Once you do this you need to make a recess for the playing surface. Carefully working from the center to the edge make the recess to fit the playing surface. I do mark a line at times to help me but use the playing surface to check as I go to get a close fit. If you trust calipers here I promise you at some point you will be sorry and ruin some nice wood. Take a second to stop your lathe and use the playing surface to check the fit. Also taper your cuts toward the center so the playing surface does not ride on it but can set down into the call to test the depth of the rim. I use a 1/4" wood chisel to do my interiors I have all kinds of custom carbides and not one of them work as well as my cheap Chinese made chisel. 






Continued


----------



## ghost1066 (May 17, 2014)

Now you need to cut the inside down to 1/2" deep leaving a small rim at the edge and a pedestal for the sound board at the center. It is important that the bottom of your call be close to 1/4" thick when you are done. This is even more important with 3" calls I learned this from one of the best call makers around. Do not cut the pedestal or cut towards the rim too far yet that is the next step and one of the most critical.

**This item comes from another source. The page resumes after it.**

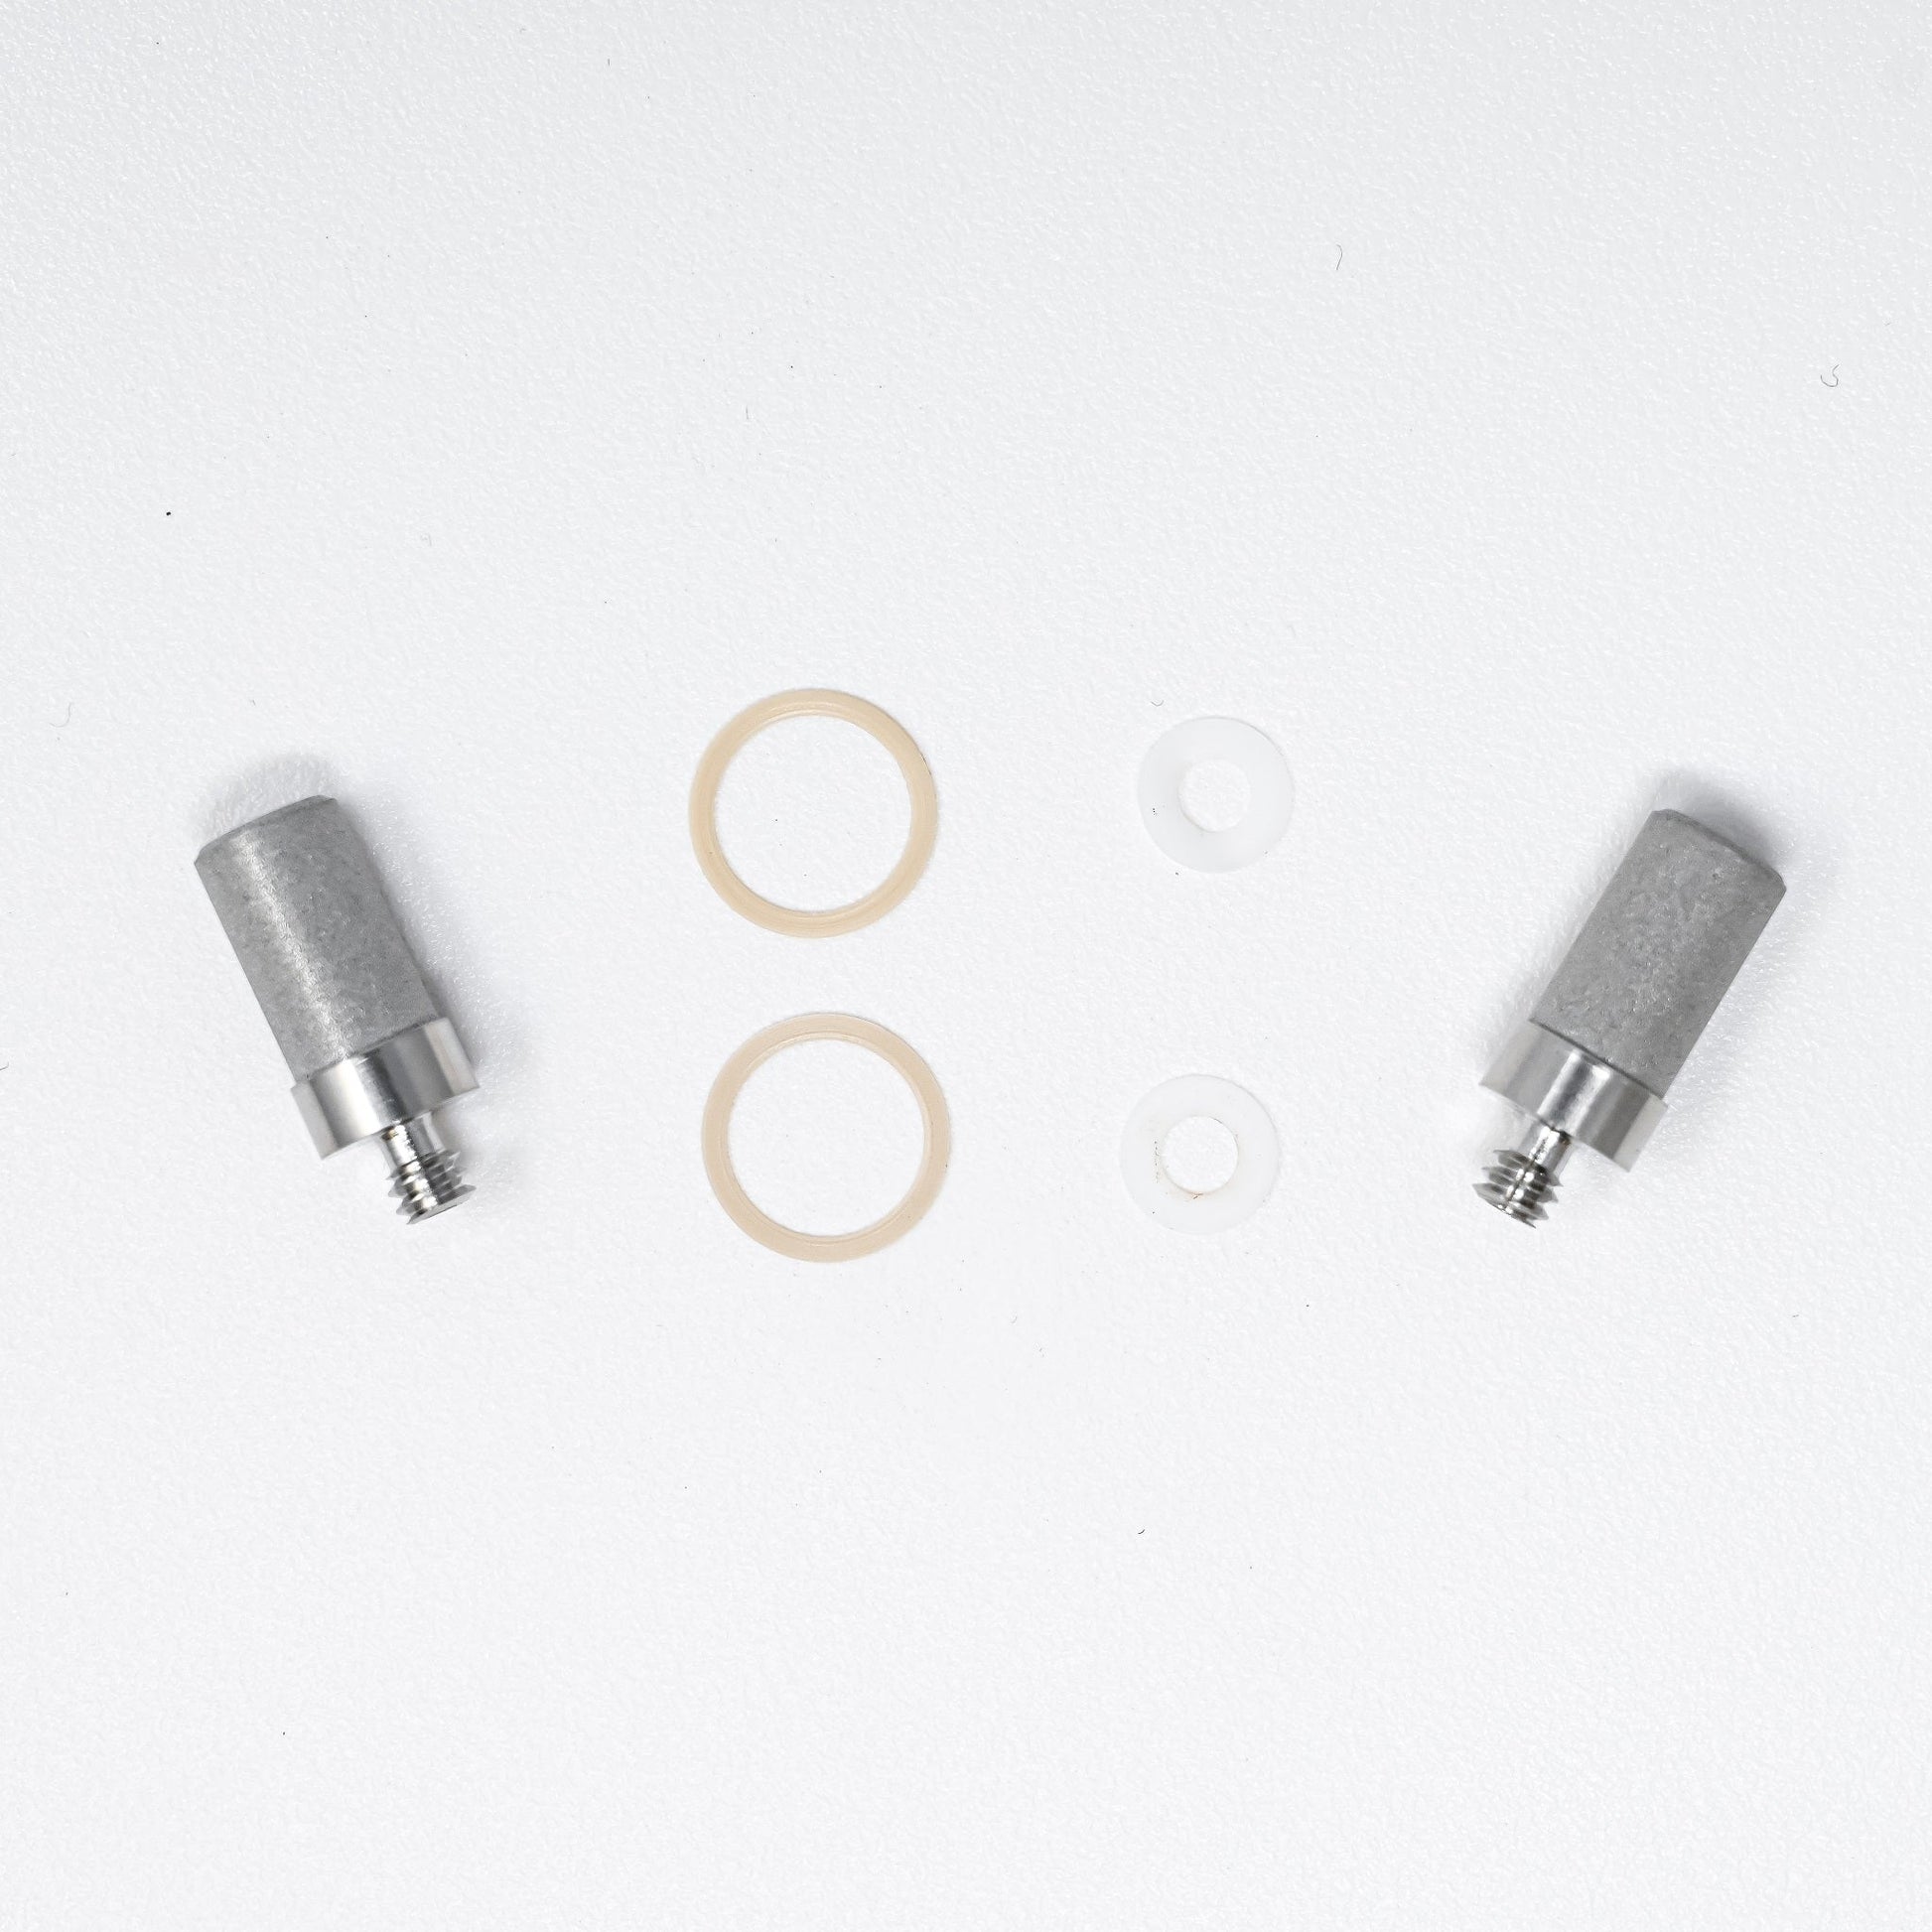 Cylindrical filter elements with o-rings and gaskets.
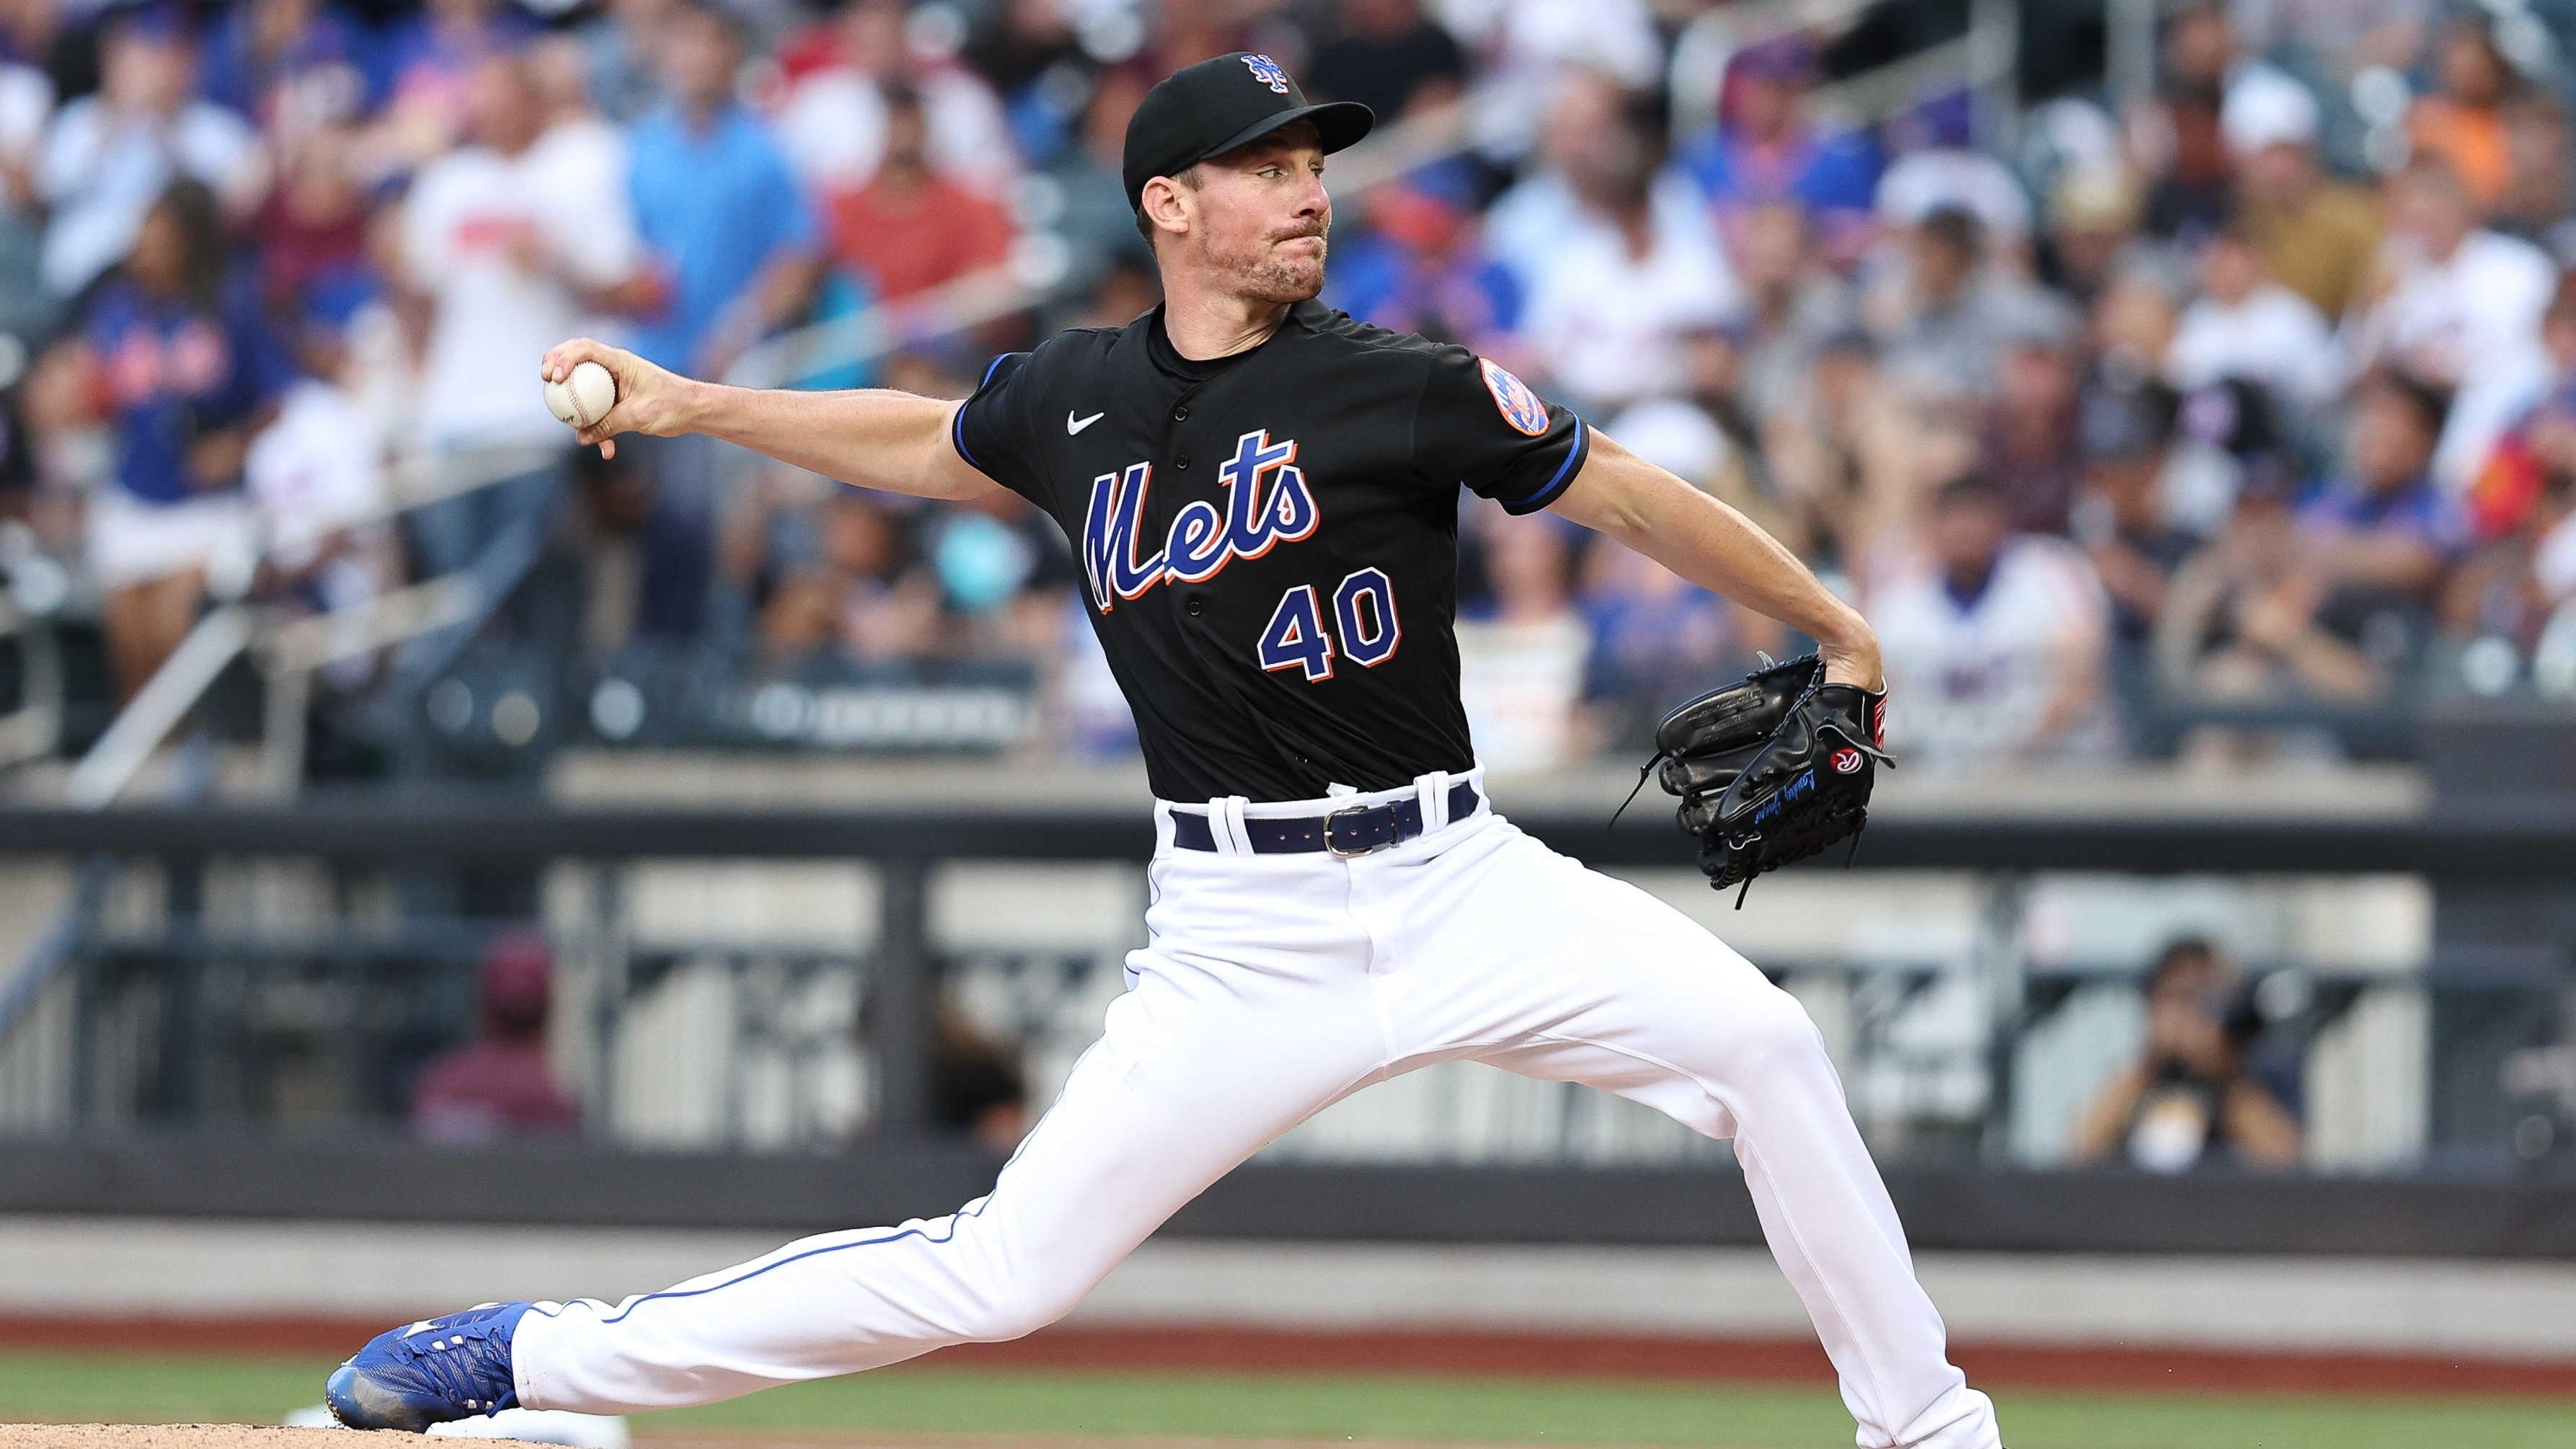 Jul 8, 2022; New York City, New York, USA; New York Mets starting pitcher Chris Bassitt (40) delivers a pitch during the first inning against the Miami Marlins at Citi Field. / Vincent Carchietta-USA TODAY Sports

Slowly begin to turn down the pedestal and widen your sound chamber opening using the sound board for reference. I put mine about 1/32" below the rim where the playing surface sits, this measurement is argued endlessly among makers. Go too deep and it goes flat get too close and it goes too sharp. This is very important so take your time. In the pic of me checking the sound board I had over cut the width, leave a small gap about the thickness of a toothpick between your sound board and the sides of the call. I threw this blank away after I was done. 






Now you are ready to take the call off, go back to the drill press to drill the final sound holes if you haven't done this already which you should have. Drill from the outside to the inside so you don't have to worry about the tear out.

Then reverse the call and place it back on the chuck so you can finish the sides and bottom. I now do this step as soon as I cut the blank down to 3/4". I flip the call and smooth the bottom then flip it back to cut the interior. Sorry if this confuses anyone remember I just copied and pasted this so just read carefully.






Continued


----------



## ghost1066 (May 17, 2014)

I leave the sides a little thick so I can true them up and thin them down to the final thickness. I usually do this step with my skew chisel. The outside can be as simple or as fancy as you like. This one just has the edge rounded over and then sanded to 400 grit. At this point I go back to the drill press and use a countersink bit on the sound holes to give them a more finished look. Also take a bit of time to sand inside each hole you drilled. 






If you followed the steps this is how the interior of your call should look. No matter what size your playing surface your sound board will be 1/2" smaller so a 3" playing surface gets a 2 1/2" sound board. 






If you use a fancier wood even this simple shape can be beautiful as this piece of spalted I can't remember what it is shows.






Hope this helps show how much call makers go through to produce what looks like a very simply turning.

Reactions: Like 2 | Thank You! 2 | Informative 1


----------



## ironman123 (May 17, 2014)

That is real good Tommy. Easy to understand.

Ray


----------



## JR Custom Calls (May 17, 2014)

Pretty similar to how I make them... Only I don't drill my holes until the very end. I've found, especially on burly pieces, that the edges of the holes like to chip out when I turn them (that's just my experience though)... So to be safe, I wait until the end. I also have 2 3" glass soundboards glued together to measure the pedestal height, and adjust a little on copper and ceramic calls.


----------